I make enough to get me where I want to go and that’s good enough for me.

15. Once you know that exact value, what else could you be doing to put that much in your pocket, particularly work that leaves you feeling more fulfilled and happy?

I don’t know the exact value, but I’m not sure there’s something else I could be doing to earn this wage. Or at least something I’d be comfortable switching to. I am trying to limit the work I do after hours. Raising my rate was an option, but in the long run, I’d rather not have to work at home at all.

16. What would happen to those around you if you walked out of your house and were hit by a Mack truck and killed? What would happen to those around you if you walked out of your house and were hit by a Mack truck and put into a long-term coma? What could you do differently to cover those bases?

We’d be screwed. I think the coma scenario would be worse actually. We’ve talked about life insurance a little bit, but I think at this point we’re just putting it off until we have children.

17. Think of ten childhood memories about money. Do these memories point to a healthy relationship with money (saving and planning for the future) or an unhealthy relationship (spend, spend, spend!)?

Ten?! Are you kidding me?

Two come to mind…

One was when I was in 5th grade. My grandmother had just had a heart attack and we went up to Toronto to visit her in the hospital. At the time, for whatever reason, I really wanted an Opus (from the comic strip Bloom County) doll.

My grandmother caught wind of this and, from her hospital bed, gave me a $1 dollar bill and told me to get that “penguin doll”.

Well, one buck wasn’t going to cut it…especially in an over-priced hospital gift shop. I’m not sure if she did that on purpose or if she was just out-of-sorts (she died a couple of weeks later), but I never did get that doll.  And I never spent that dollar either. I still have it.

Not sure if that makes the memory a “saving for the future” lesson or a sad “holding on to the past” lesson.

The other childhood memory was when my Uncle came to visit us and because I had bunk beds, he ended up sleeping in my room. As he was preparing to leave to head home, he gave me a $100 bill and told me to keep it hush-hush and to sped it wisely. At that moment, I had 5 times more money to my name than I’d ever had. It was exciting.

Sadly, I think I blew that $100 on Double Dragon for Nintendo and some tropical fish. But the good news is that it took me a few weeks to decide what “best” to spend it on.

18. When was the last time you bought something primarily to impress someone else? Did it work? Did you ever buy anything to impress someone and had it completely fail to work?

While it’s not that last thing I bought simply to impress someone else, the thing that comes to mind is my BMW Z3. It did work. And it didn’t work too. I regretted it for a long time but the minute it was paid for, well, I can’t say I regretted it anymore.

19. When was the last time you bought something that was completely unnecessary? When you look back on it, do you feel happy about that purchase? Do you feel happy about earlier frivolous purchases? If some make you feel happy and others don’t, what’s the difference between the two groups?

My Cessna airplane!
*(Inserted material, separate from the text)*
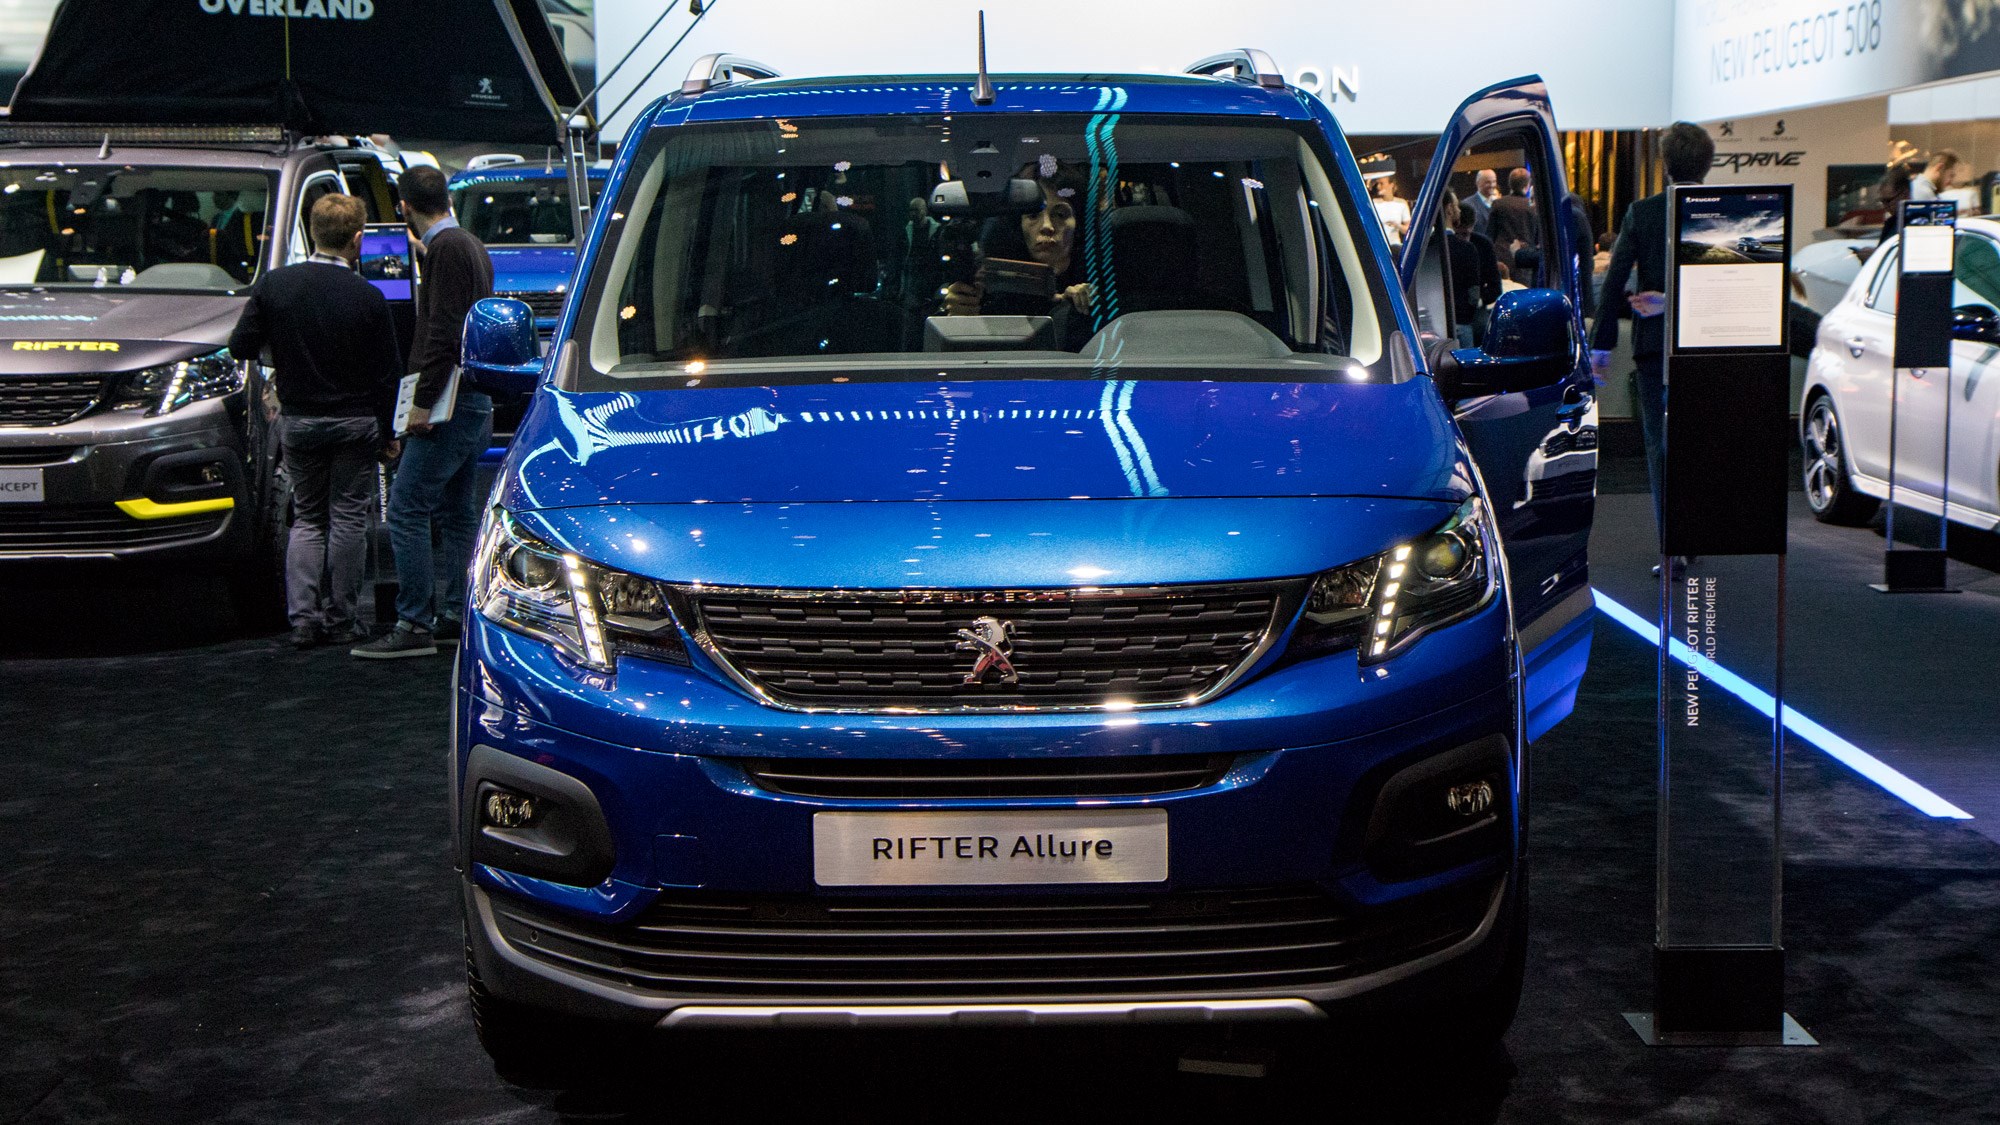 Specs for all Peugeot Rifter versions

This was my most ridiculous purchase last year. Looking back on it though, it makes me feel good. It was my first experience in a live auction. And every time I look at the plane, it puts a smile on my face. It was silly, but well worth it.

I can’t really think of a totally frivolous purchase I’ve made that I don’t feel good about now. I mean, I do feel buyer’s remorse from time to time, but I’m not sure I’d call those items frivolous… My wife may have a few examples I’m forgetting though!

20. When you sit down and send out your bills for the month, are you left feeling good or bad after doing this task? Why? Is there anything you can do to change that perspective?

I feel great when I pay all of my bills and have them entered into MS Money. I sit back and think, “Hey, no more bills for another month…” In fact, right now, I’m almost excited to check the mail each day hoping they’ve come in. (All of my utility bills come in between the 11th and 15th of each month.)

Moment of Clarity: When I Figured Out How to Fix my Finances

Wednesday, March 12th, 2008

Moment of ClarityHow did I find myself in this situation? How did I dig a hole this deep? And how on earth did I climb myself back out?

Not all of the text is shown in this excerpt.